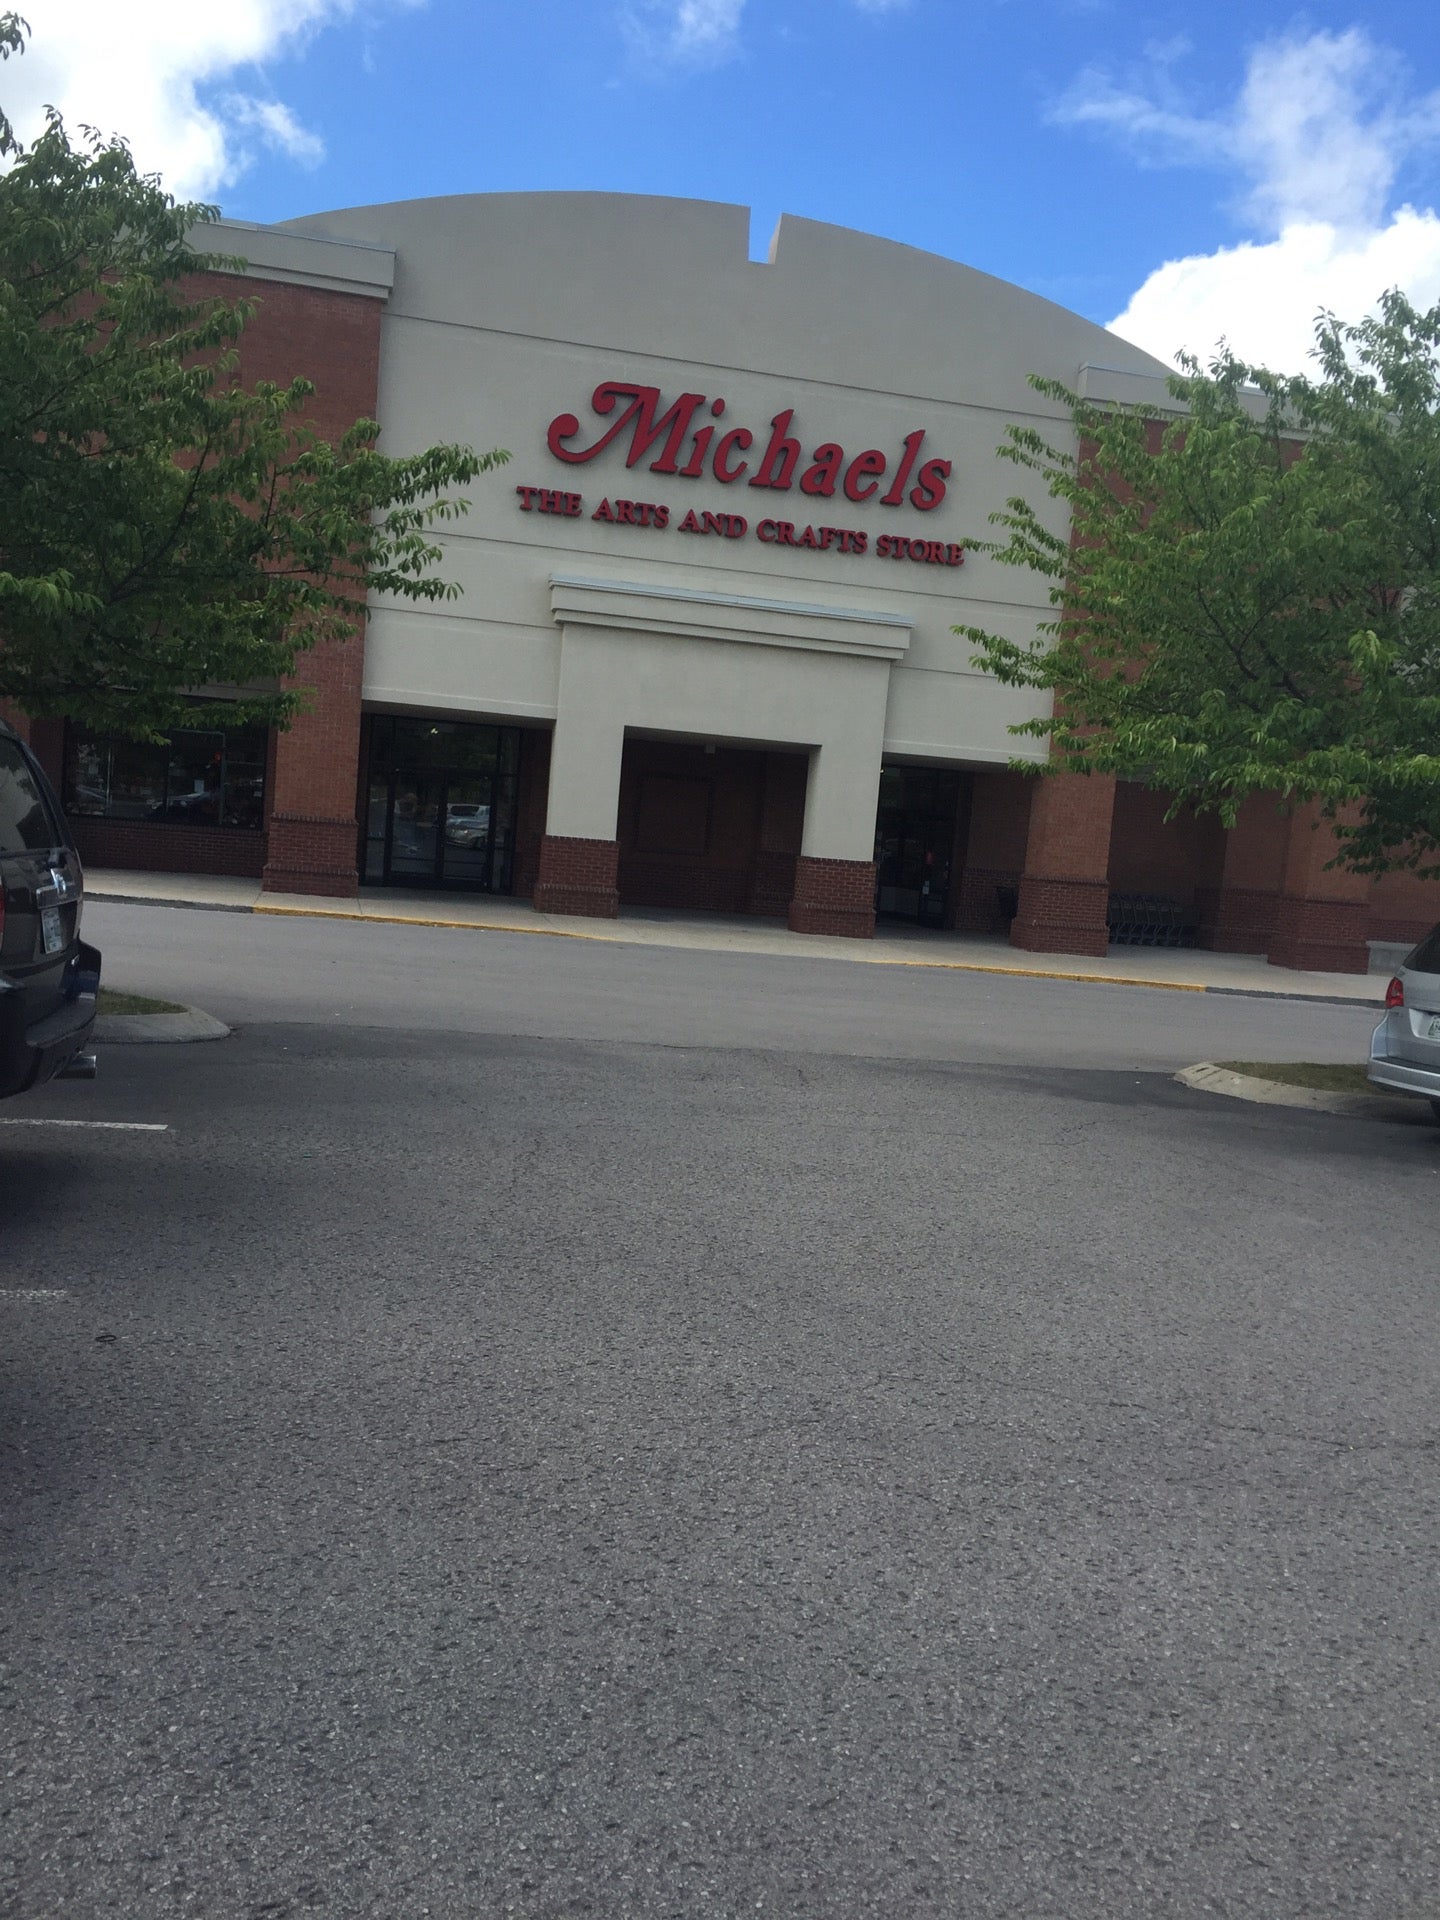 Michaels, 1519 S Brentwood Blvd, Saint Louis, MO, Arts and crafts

+---+

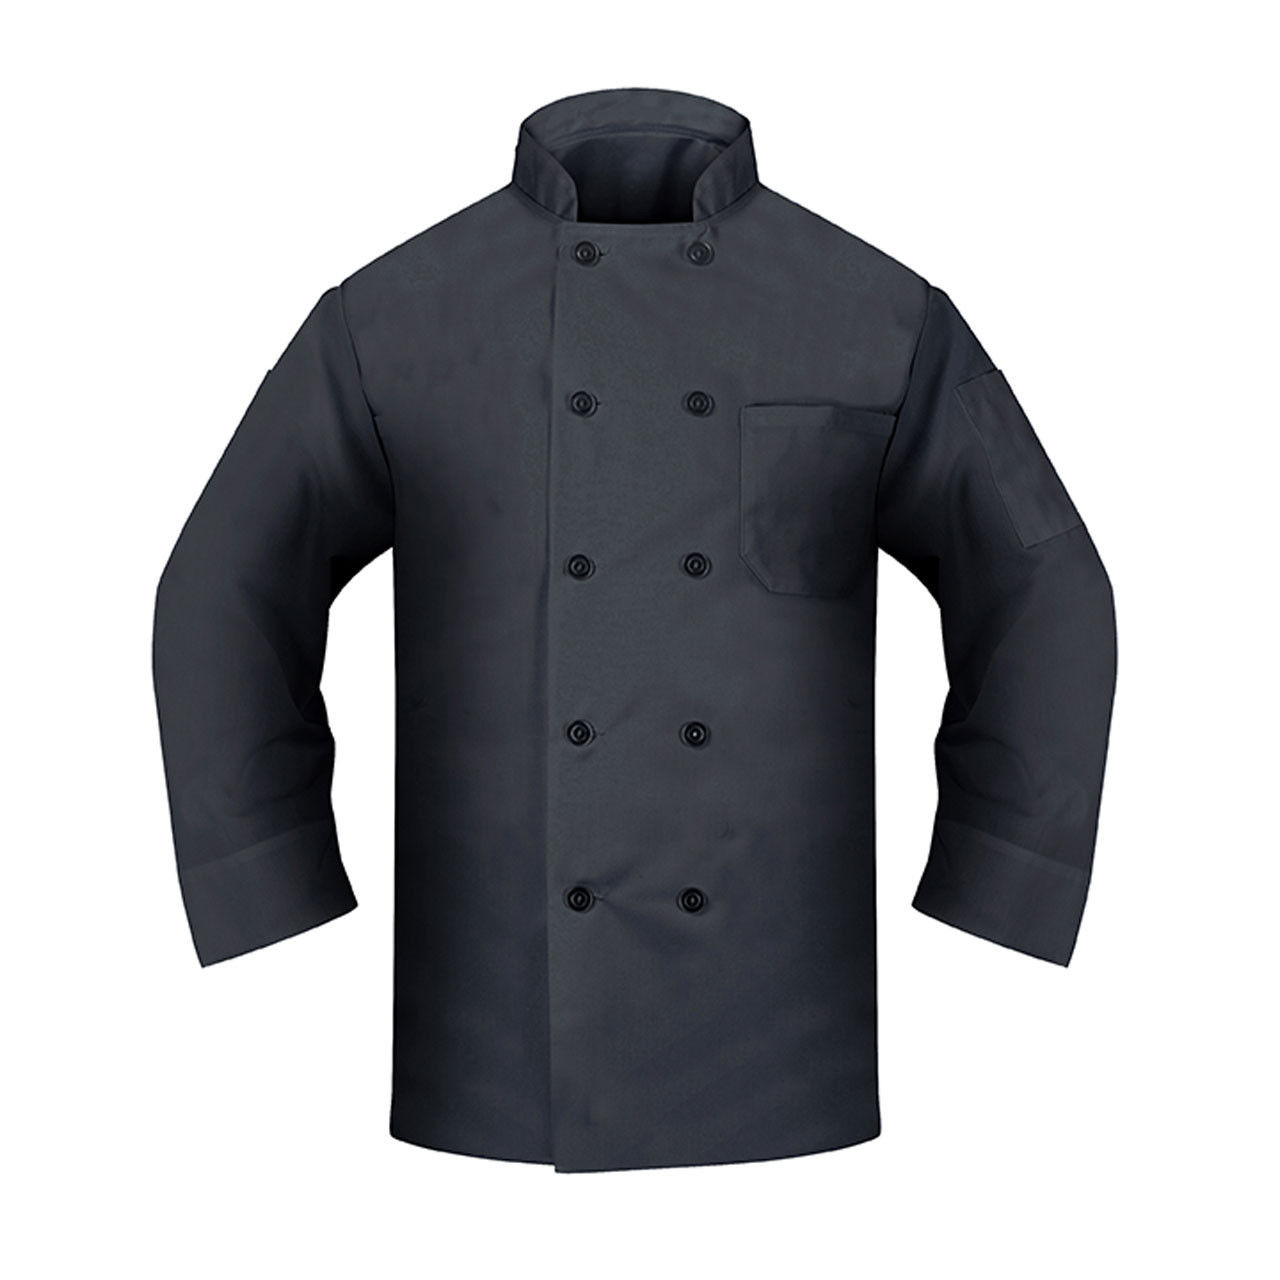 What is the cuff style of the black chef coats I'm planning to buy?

+---+

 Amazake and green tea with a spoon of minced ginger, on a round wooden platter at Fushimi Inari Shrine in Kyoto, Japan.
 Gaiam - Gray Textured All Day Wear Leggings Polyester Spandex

+---+

From the records above, transcribe exactly the run of lines that opens with the line holding "Amazake and green" and closes with the line holding "Gaiam - Gray", both included.

= Task response =
 Amazake and green tea with a spoon of minced ginger, on a round wooden platter at Fushimi Inari Shrine in Kyoto, Japan.
 Gaiam - Gray Textured All Day Wear Leggings Polyester Spandex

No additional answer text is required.